US Head of Medical Affairs

Company Name: Gossamer Bio

Summary:

The US Head of Medical Affairs will serve as a strategic and visionary leader responsible for driving the US medical affairs strategy and execution for Seralutinib. In this highly visible and influential role, you will collaborate cross-functionally with colleagues in Clinical Development, Commercial, Regulatory, Quality, and Global Medical Affairs to maximize the value of Seralutinib in a dynamic and competitive therapeutic landscape.

This role will play a key part in shaping data generation strategies, informing product positioning and therapeutic benefit, supporting launch planning, and leading medical communications to a diverse set of internal and external stakeholders—including healthcare professionals, scientific experts, payors, and patient advocacy groups. The ideal candidate brings deep scientific expertise, strong leadership experience, and a proven ability to inspire and align cross-functional teams in a fast-paced environment.

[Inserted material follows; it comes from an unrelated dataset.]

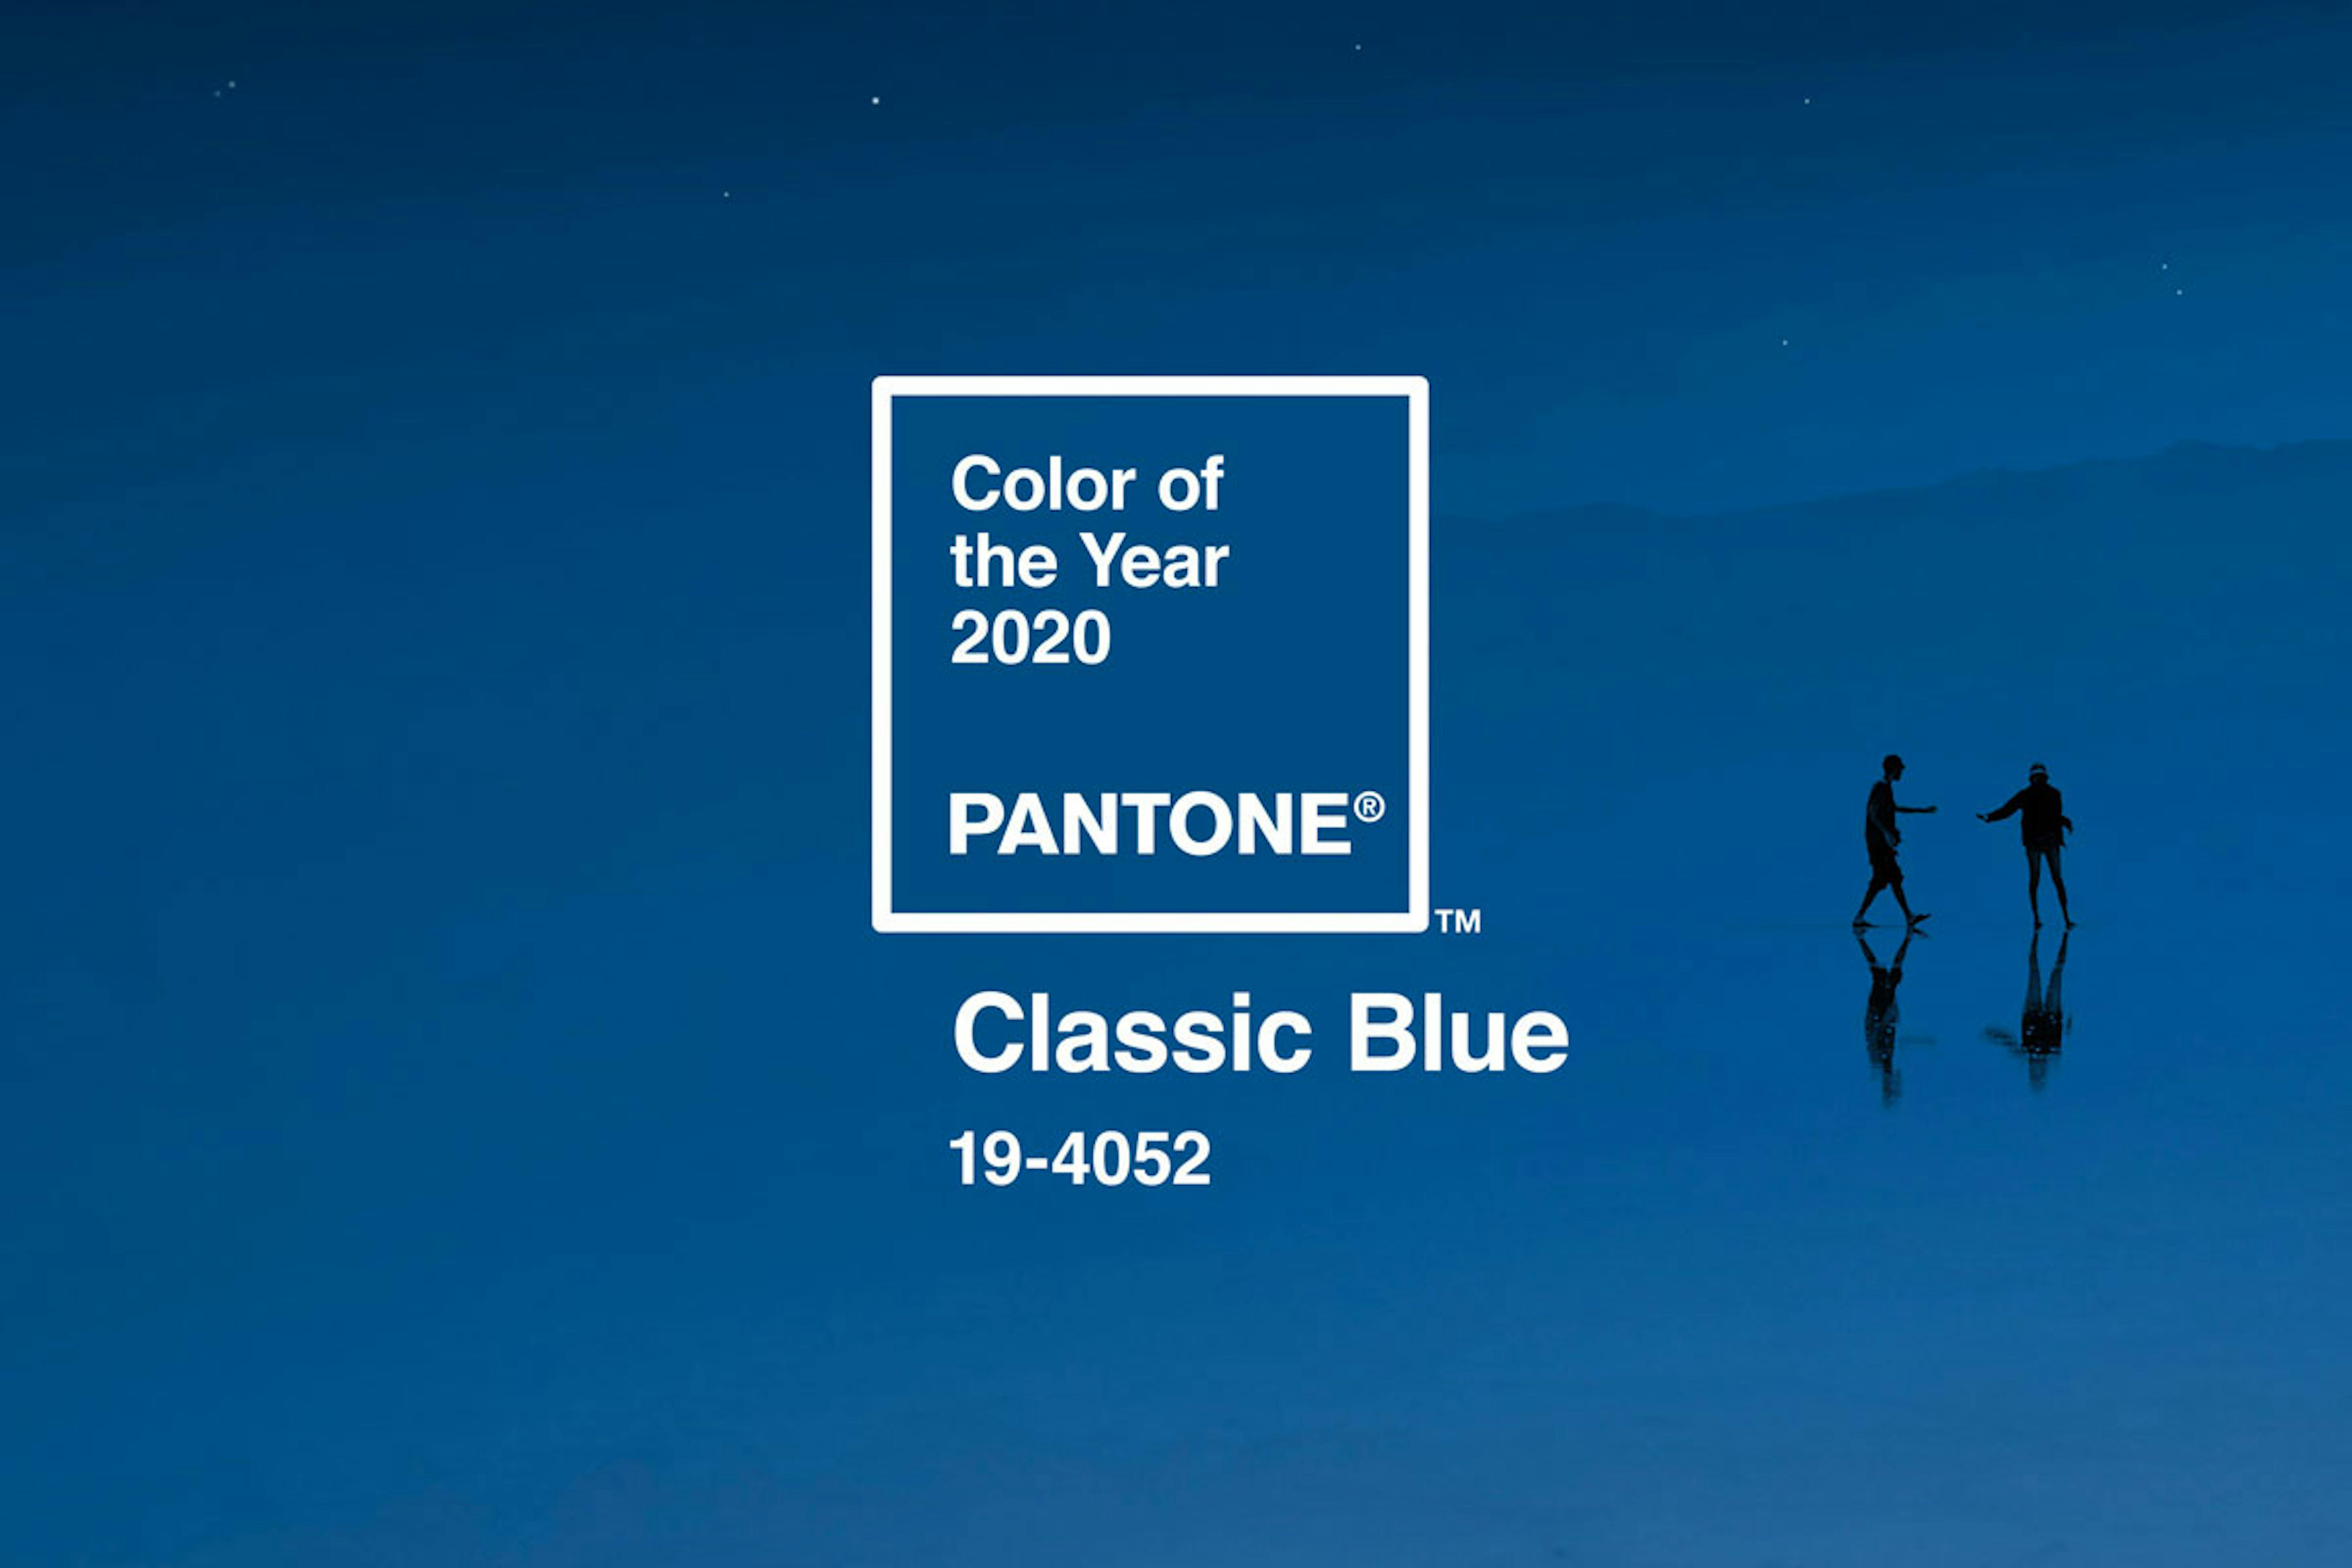 Classic styling for Pantone's colour of the year 2020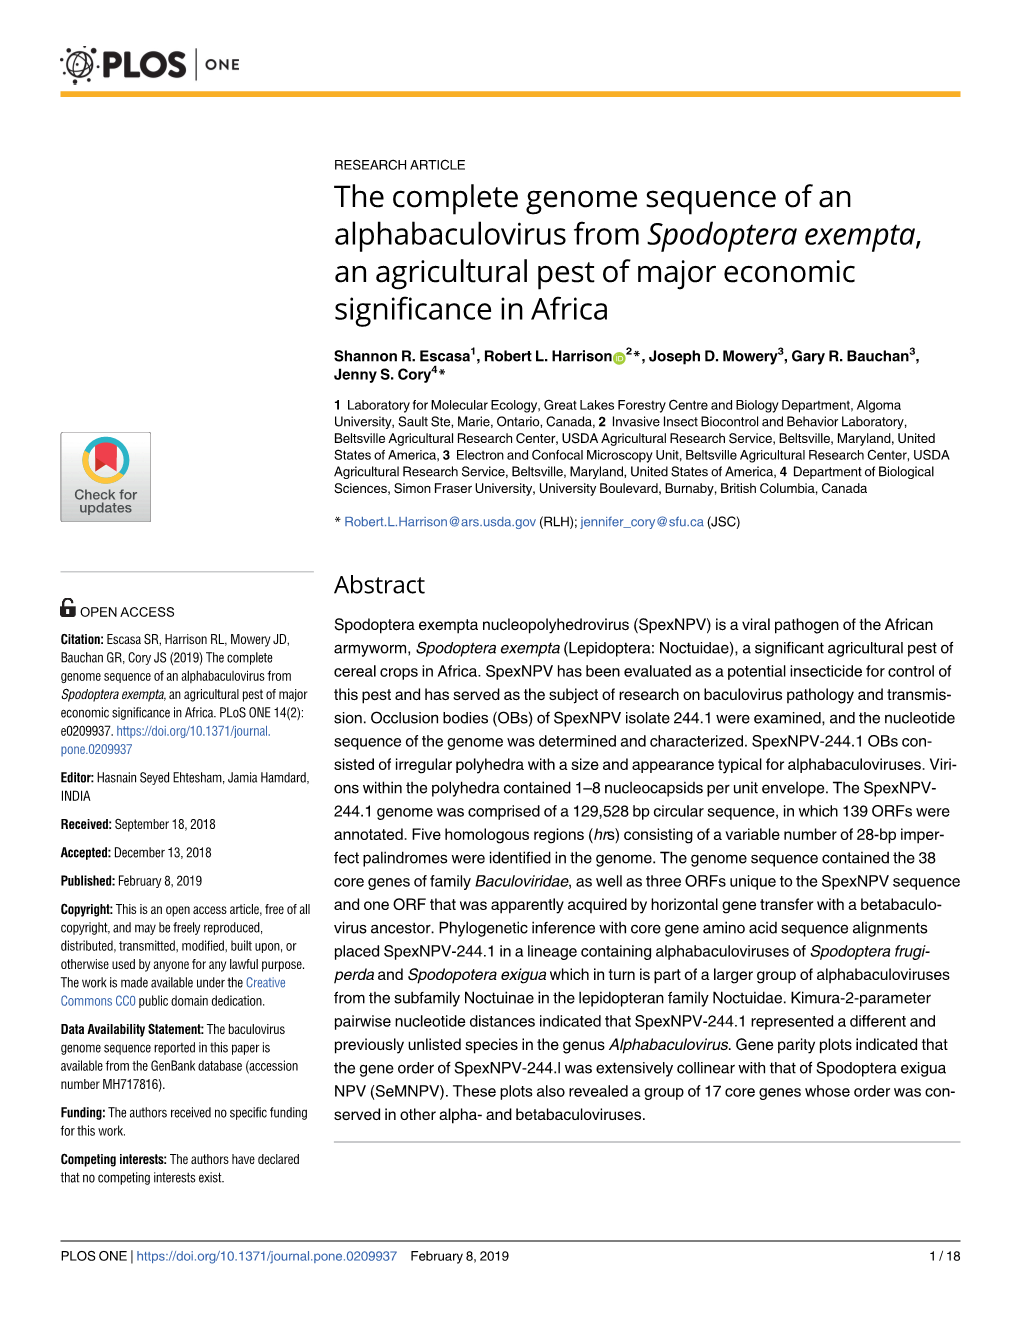 The Complete Genome Sequence of an Alphabaculovirus from Spodoptera Exempta, an Agricultural Pest of Major Economic Significance in Africa

Essential Duties and Responsibilities

• Lead the medical affairs strategy and tactics for Seralutinib and life cycle products.
• Design and execute an integrated medical and scientific affairs plan and scientific communications integrated with European Medical Affairs, Research, Marketing and Development to inform on positioning, therapeutic benefit, and product launch.
• Lead US communications to internal and external stakeholders including thought leader engagement; ad boards; medical conference exhibits and support.
• Collaborate with Chiesi’s commercial Medical Affairs team partnering on launch readiness in the US.
• Provide oversight of the US Commercial Medical Science Liaison team including supporting launch readiness.
• Oversee the US Regional Medical Affairs team to support the clinical development studies of Seratlutinib in ILD-PH, PAH OLE & life cycle opportunities.
• Lead global publications activities collaborating with ROW Medical Affairs, Clinical, Translational Medicine and Commercial on strategy and messaging.
• Provide guidance and oversight of US patient advocacy efforts for Seralutinib in PAH, ILD-PH and other potential indications.
• Oversee the design and execution of US Phase 4, observational studies, registries, and real-world data projects.
• Support Health Economics and Outcomes Research (HEOR) studies in the US to demonstrate product value.
• Review, support, and monitor US based independent investigator-initiated studies and provide funding or drug supply if aligned with scientific and strategic goals.
• Provide leadership, direction, partnership, and support of the Launch Planning Team.
• Build and develop Medical Affairs team and infrastructure to support commercialization.
• Establish and lead the Medical Information and medical communications departments to ensure relevant scientific data is disseminated in a clear, compliant manner, supporting scientific and clinical programs.
• Manage and regularly meet with thought leaders and industry partners to support the successful execution of Scientific Medical Affairs tactics.

JOB QUALIFICATIONS

• Advanced scientific degree required (MD, PhD, or PharmD; MD preferred), with at least 15 years of progressive experience in the biotech or pharmaceutical industry, including a minimum of 5+ years in Medical Scientific Affairs.
• Minimum of 5+ years of leadership experience with demonstrated accountability across core Medical Affairs functions.
• 5+ years clinical experience in pulmonary arterial hypertension (PAH) or interstitial lung disease (ILD-PH) strongly preferred.
• Proven ability to lead, inspire, and develop high-performing, cross-functional medical and scientific teams in complex and evolving environments.
• Exceptional planning, organizational, interpersonal, and communication skills, including public speaking.
• Strong track record of navigating organizational change and aligning teams around evolving strategic priorities.
• Highly collaborative with strong emotional intelligence, organizational awareness, and the ability to build trust across diverse stakeholders.
• Strategic mindset with strong problem-solving and contingency-planning capabilities.
• People leadership excellence—proven ability to inspire and develop high-performing teams while modeling core values of teamwork, humility, respect, empowerment, agility, and disciplined execution.
• Exceptional interpersonal and collaboration skills; builds trust across scientific and business functions, navigates cultural and functional differences, and negotiates timelines and resources effectively.
• Demonstrated success in a matrixed, cross-functional environment, aligning interdisciplinary teams to shared objectives and delivering measurable results.
• Superior planning and organizational capabilities; independently drives projects forward, establishes and manages timelines and budgets, and maintains clear accountability.
• Outstanding written and verbal communication skills, with the ability to distill complex scientific and business information concisely and handle confidential materials with discretion.
• Hybrid work readiness (remote with periodic headquarters visits) and willingness to travel domestically and internationally up to 25%.

Gossamer Bio is committed to equal opportunity in the terms and conditions of employment for all employees and job applicants and complies with all applicable national, state and local laws governing nondiscrimination in employment.